- _Your instructions_
The lines below from the one with "Best ideas about Sesame Street Birthday Cake" up to and including the one with "Birthday Cake Now." are what you should set down, exactly and without pictures.

- _Provided records_
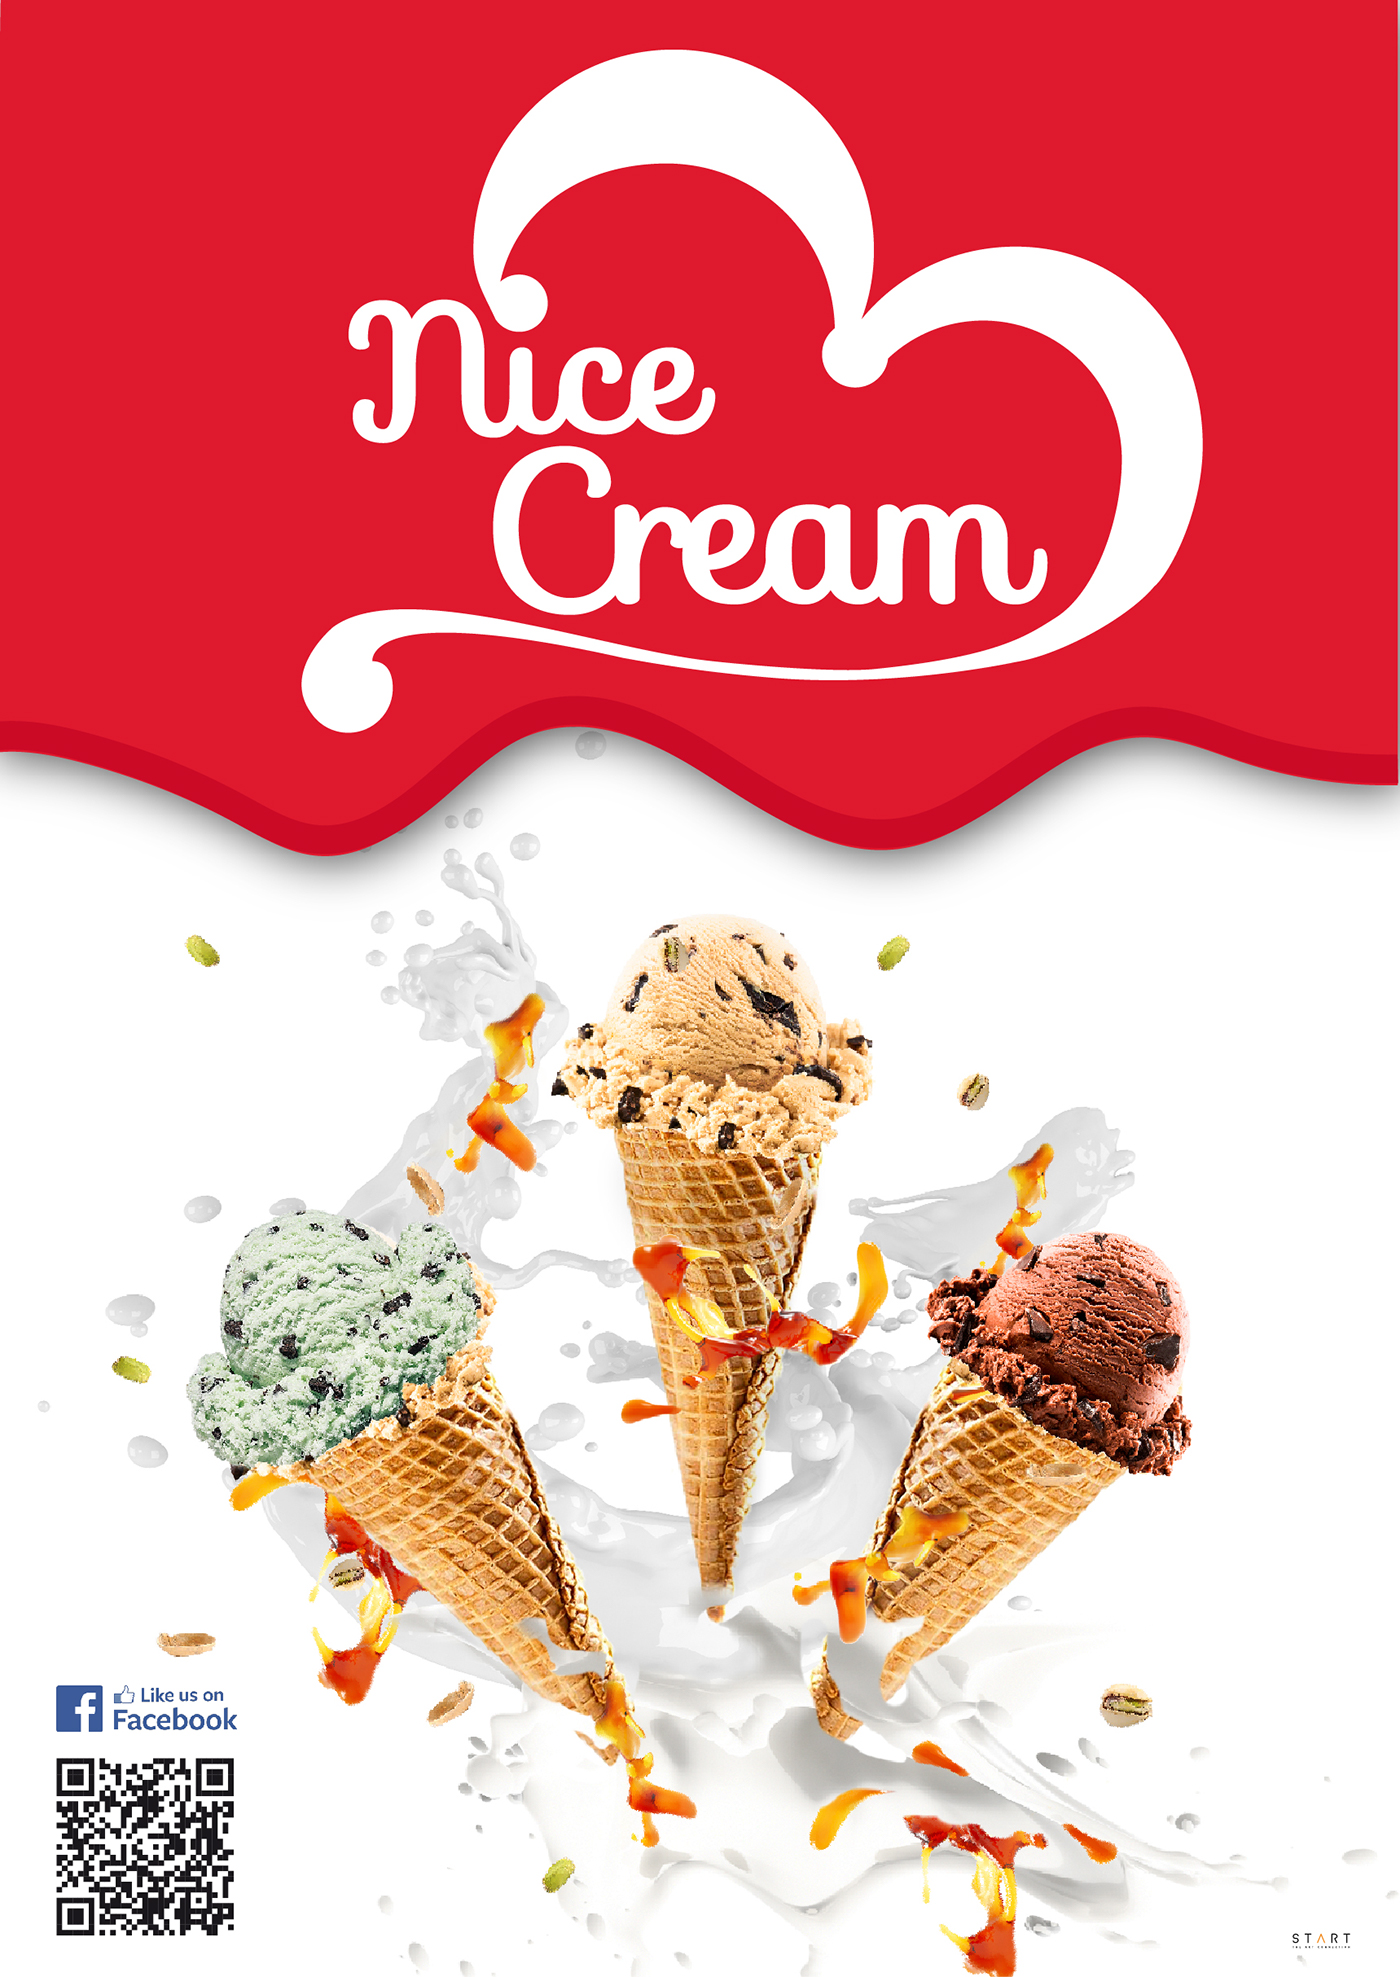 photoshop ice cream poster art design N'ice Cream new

* * *

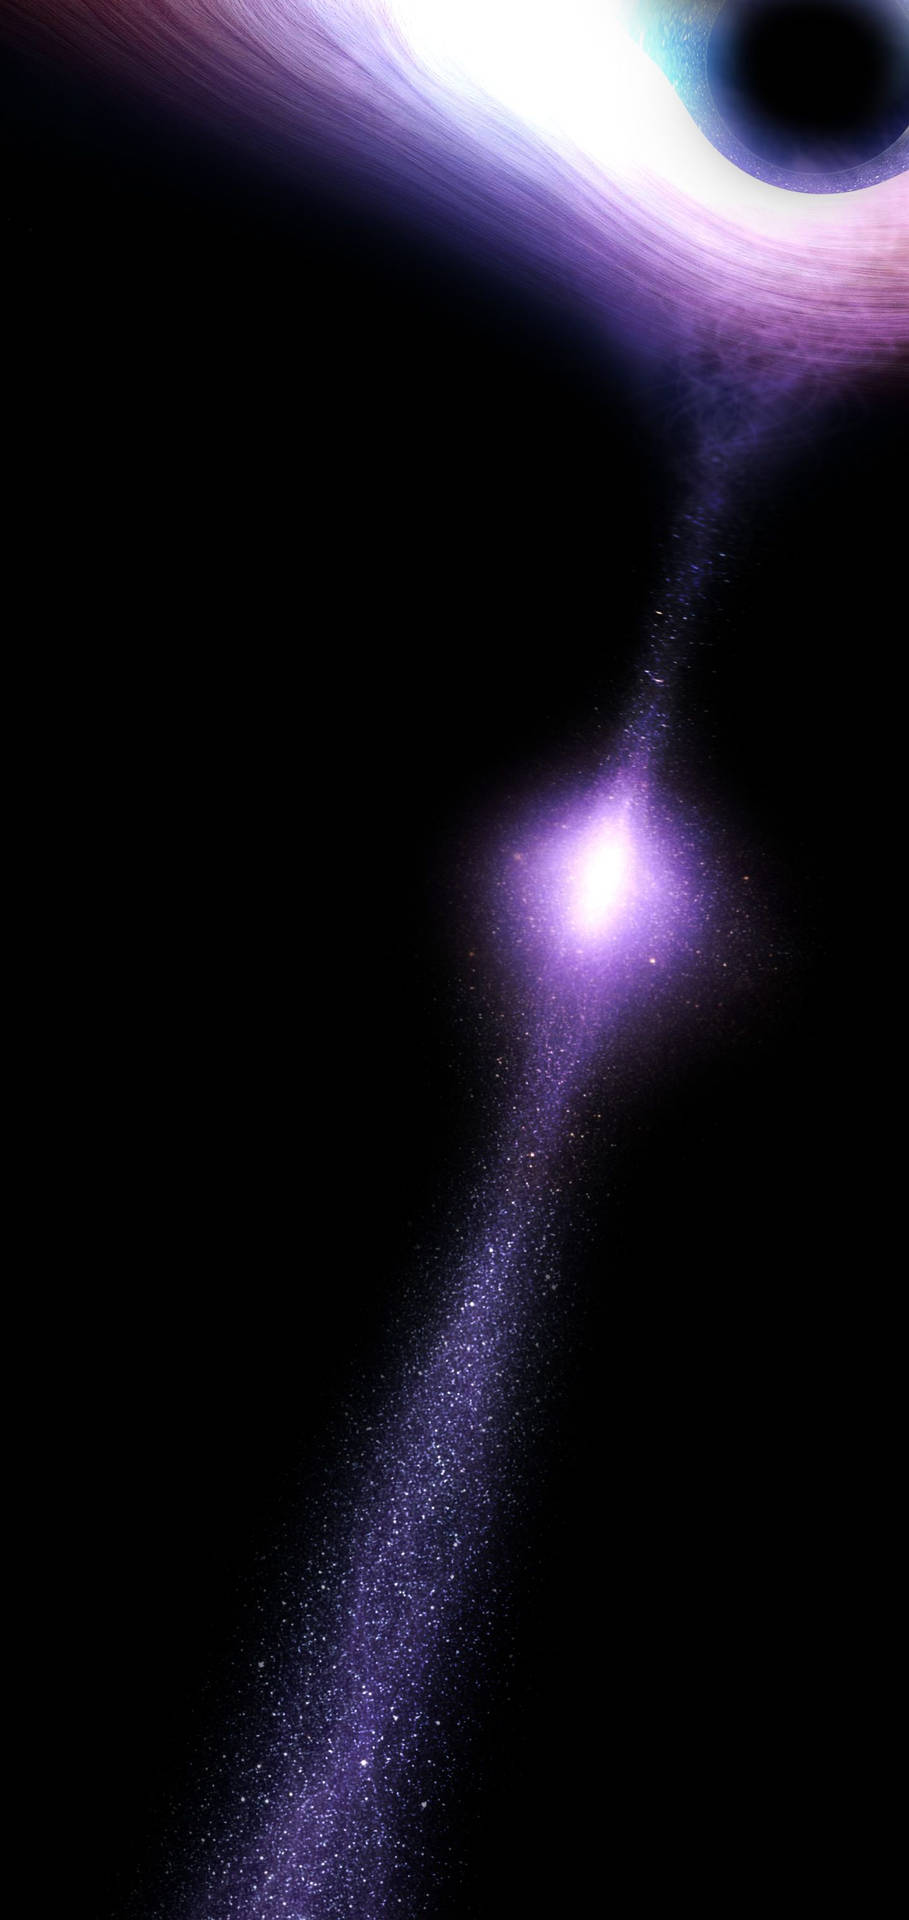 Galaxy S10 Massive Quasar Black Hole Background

--

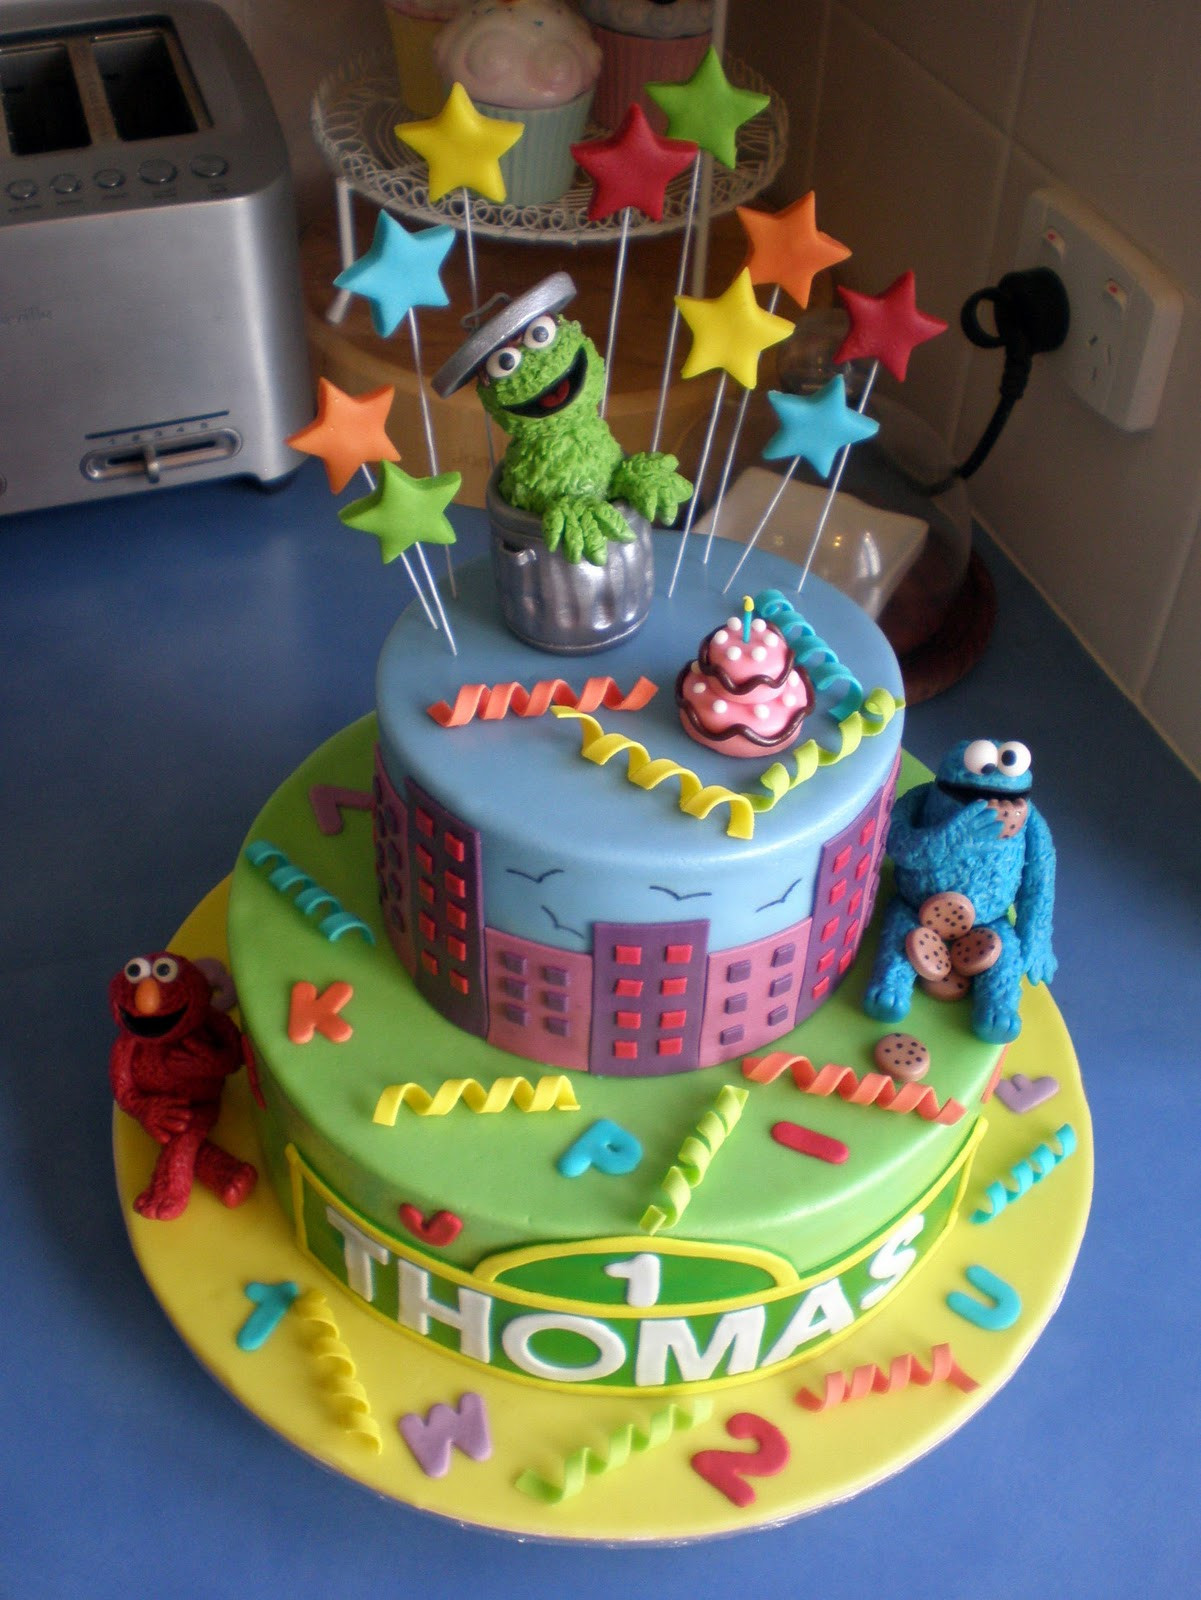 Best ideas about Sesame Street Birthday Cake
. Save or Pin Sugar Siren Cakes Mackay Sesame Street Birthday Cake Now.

- _Solution for this problem_
 Best ideas about Sesame Street Birthday Cake
. Save or Pin Sugar Siren Cakes Mackay Sesame Street Birthday Cake Now.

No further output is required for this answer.